В полутьме герцогская спальня выглядела так, словно от внешнего мира ее отделяли не стены, а серебристые потоки водопада. В середине просторной комнаты, освещенной лишь несколькими свечами, высилась роскошная кровать, вся в нежно-серых шелках, расшитых синими колокольчиками.

Вильерс лежал на подушках, мертвенно-бледный, невероятно худой. У него всегда было бледное лицо и впалые щеки, из-за чего когда-то Мей даже объявила, что он «волнующе красив», и Шарлотта посчитала это мнение справедливым. Но сейчас его бледная кожа приобрела мертвенный оттенок, истончилась и стала почти прозрачной. Когда больной приветствовал гостью слабым взмахом руки, Шарлотта заметила его исхудавшие пальцы с выпиравшими костяшками. От жалости у нее перехватило дыхание.

– Окажите мне честь, присаживайтесь, – пригласил герцог. – Благодарю вас за визит.

Слуга проворно поставил для посетительницы стул, и она села, ожидая продолжения разговора.

Но Вильерс молчал и только смотрел на гостью. Под его пристальным взглядом она особенно остро почувствовала, что выглядит далеко не лучшим образом, – с растрепанными волосами, покрасневшими от ветра щеками, в убогом платье со скучной оборкой по подолу.
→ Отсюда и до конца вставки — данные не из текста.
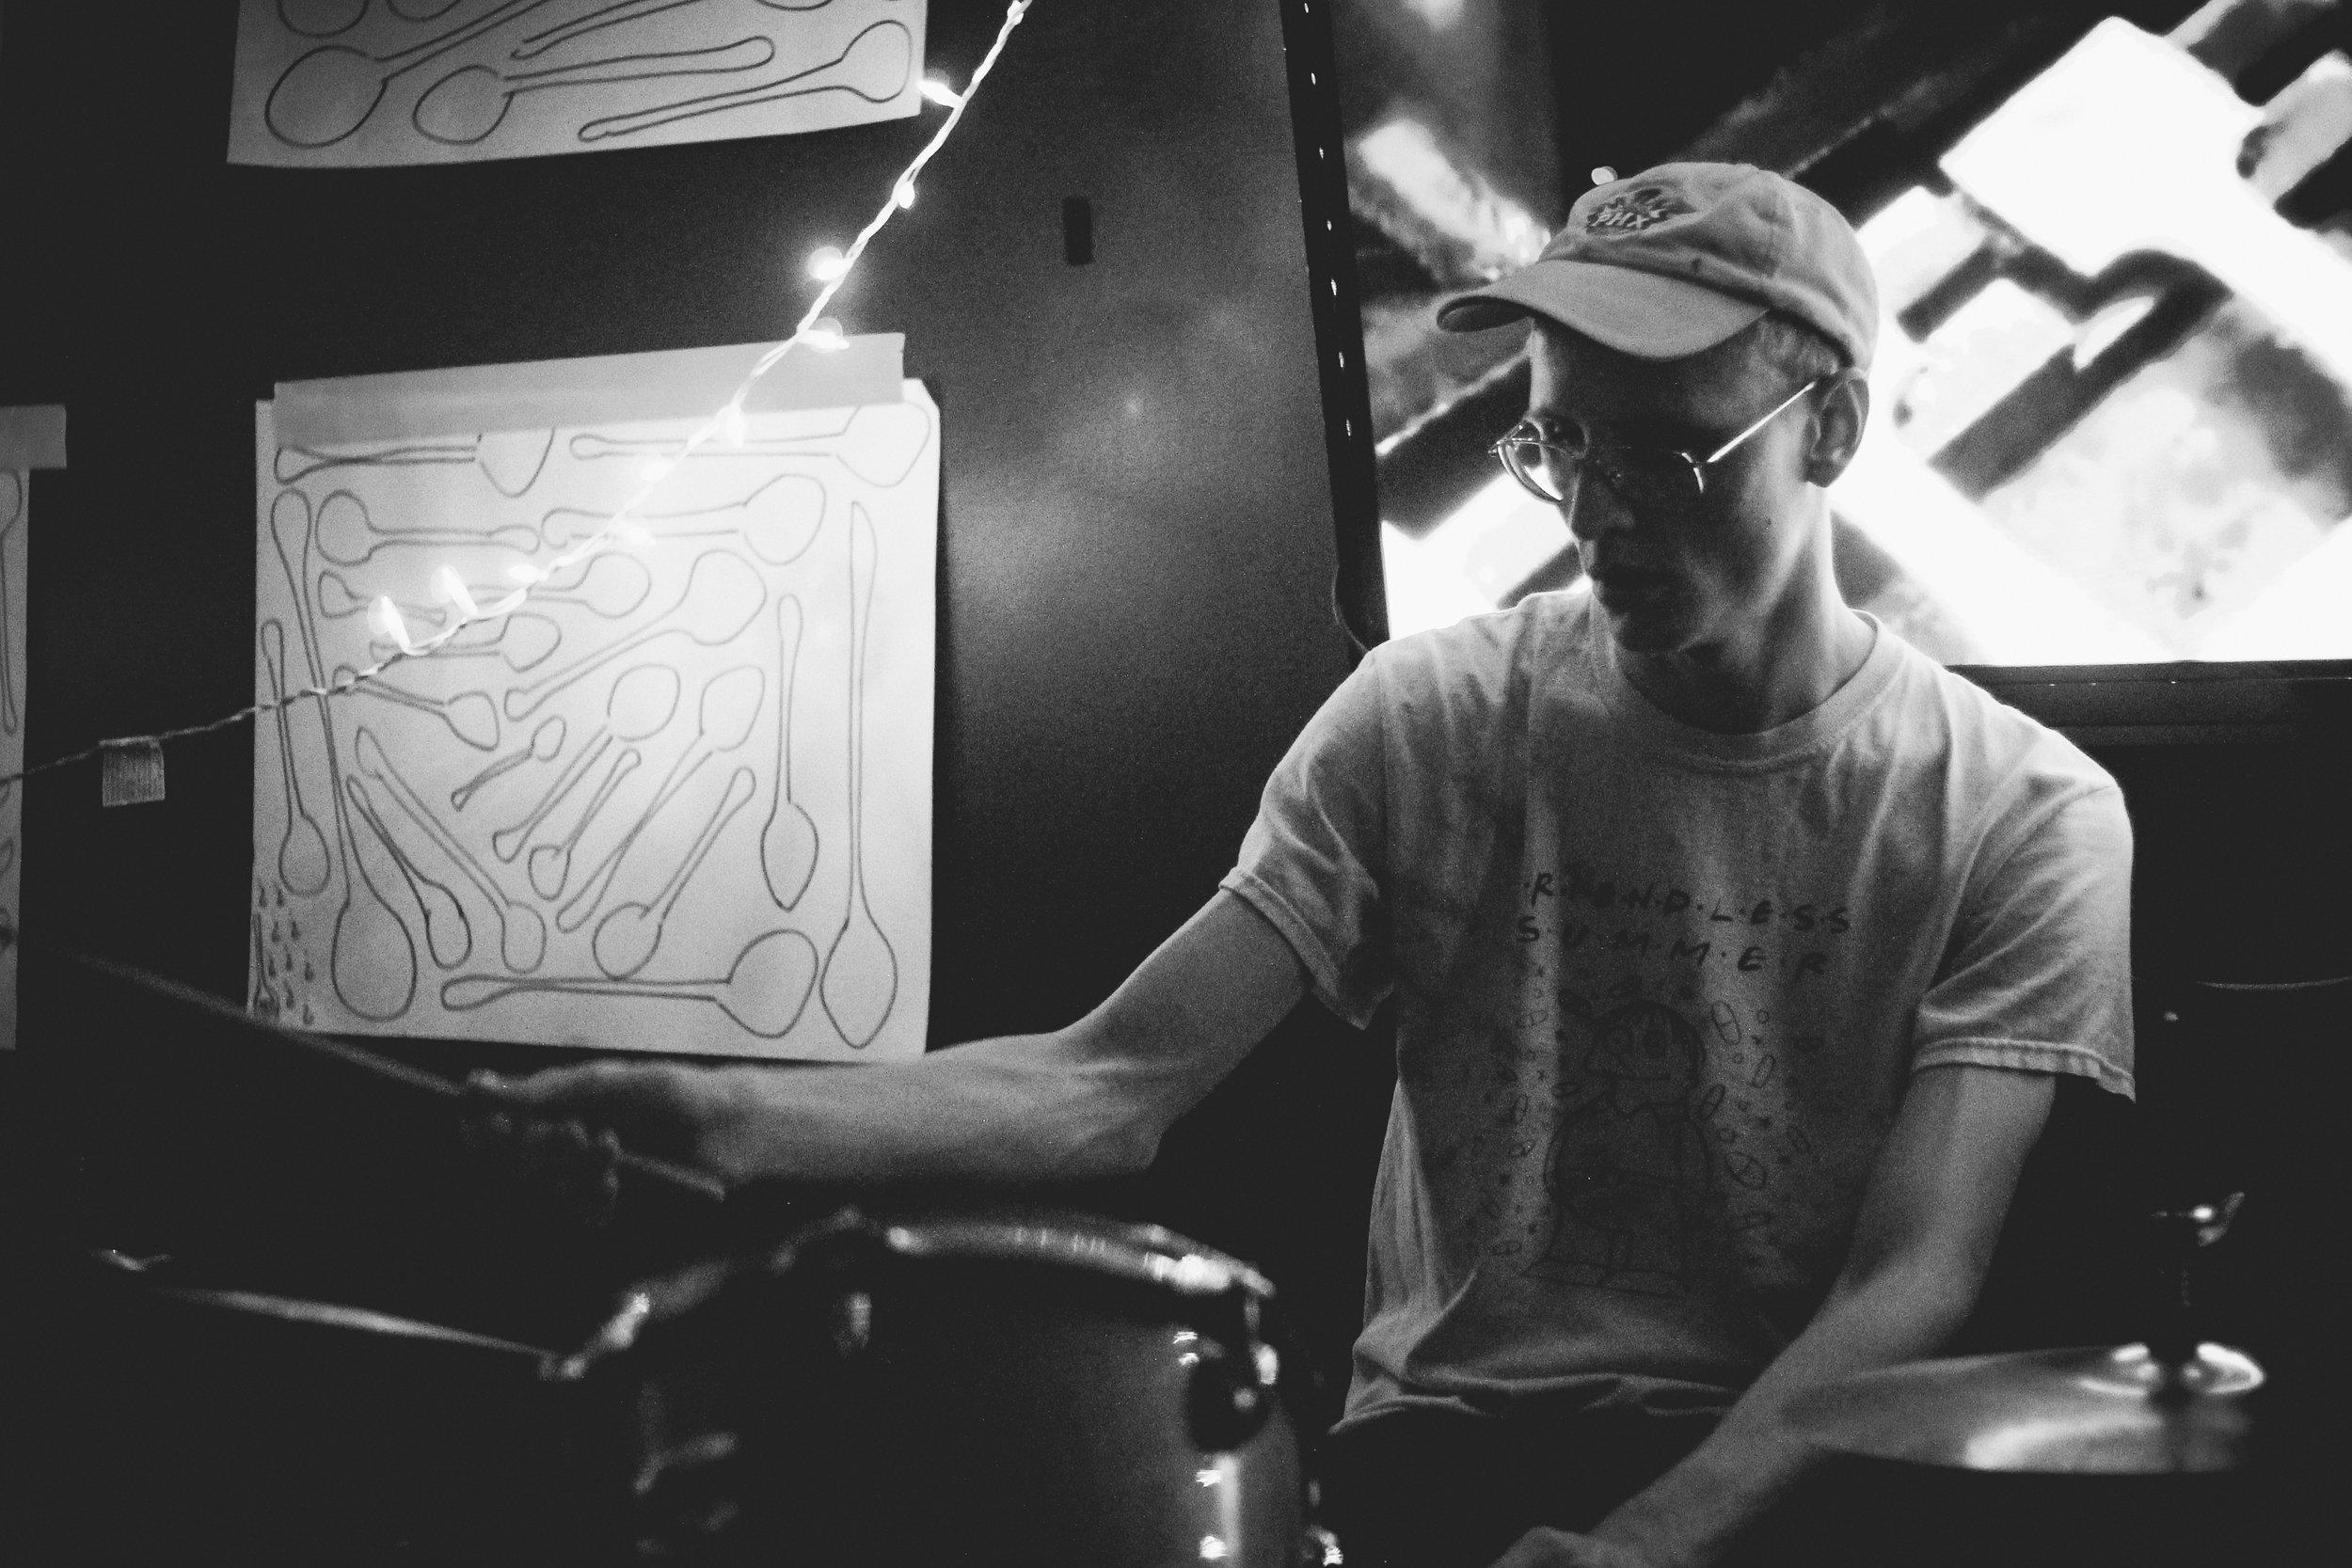 Pro Teens drummer Matt Tanner with Spoon Art
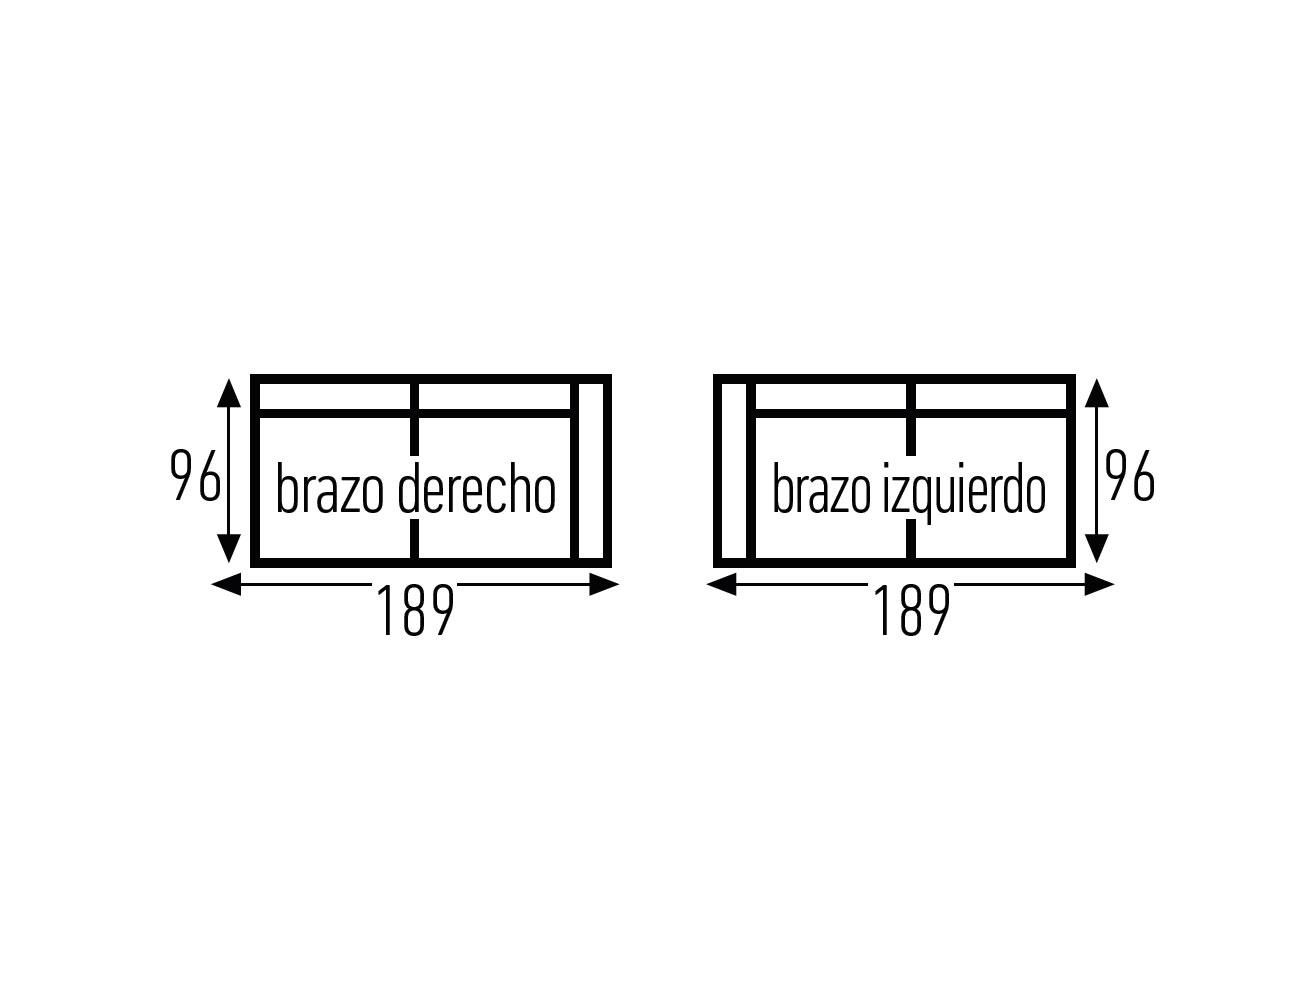 Croquis 3p sin 1 brazo 1895

В комнате явственно ощущался запах мяты и лимона.

– Что я могу для вас сделать, ваша светлость? – спросила Шарлотта спокойно и негромко, как и подобает у постели умирающего.

– Боюсь, что ничего, – отозвался герцог.

Удивительно, но он говорил совсем не так, как в представлении Шарлотты должны разговаривать умирающие, – в его голосе ощущались интерес и некоторая усталость. И девушка отважилась еще раз взглянуть на больного.

Он снова закрыл глаза – ей показалось, что болезнь сделала его еще красивее, чем раньше: ресницы по контрасту с очень бледными щеками казались почти черными и изумительно длинными.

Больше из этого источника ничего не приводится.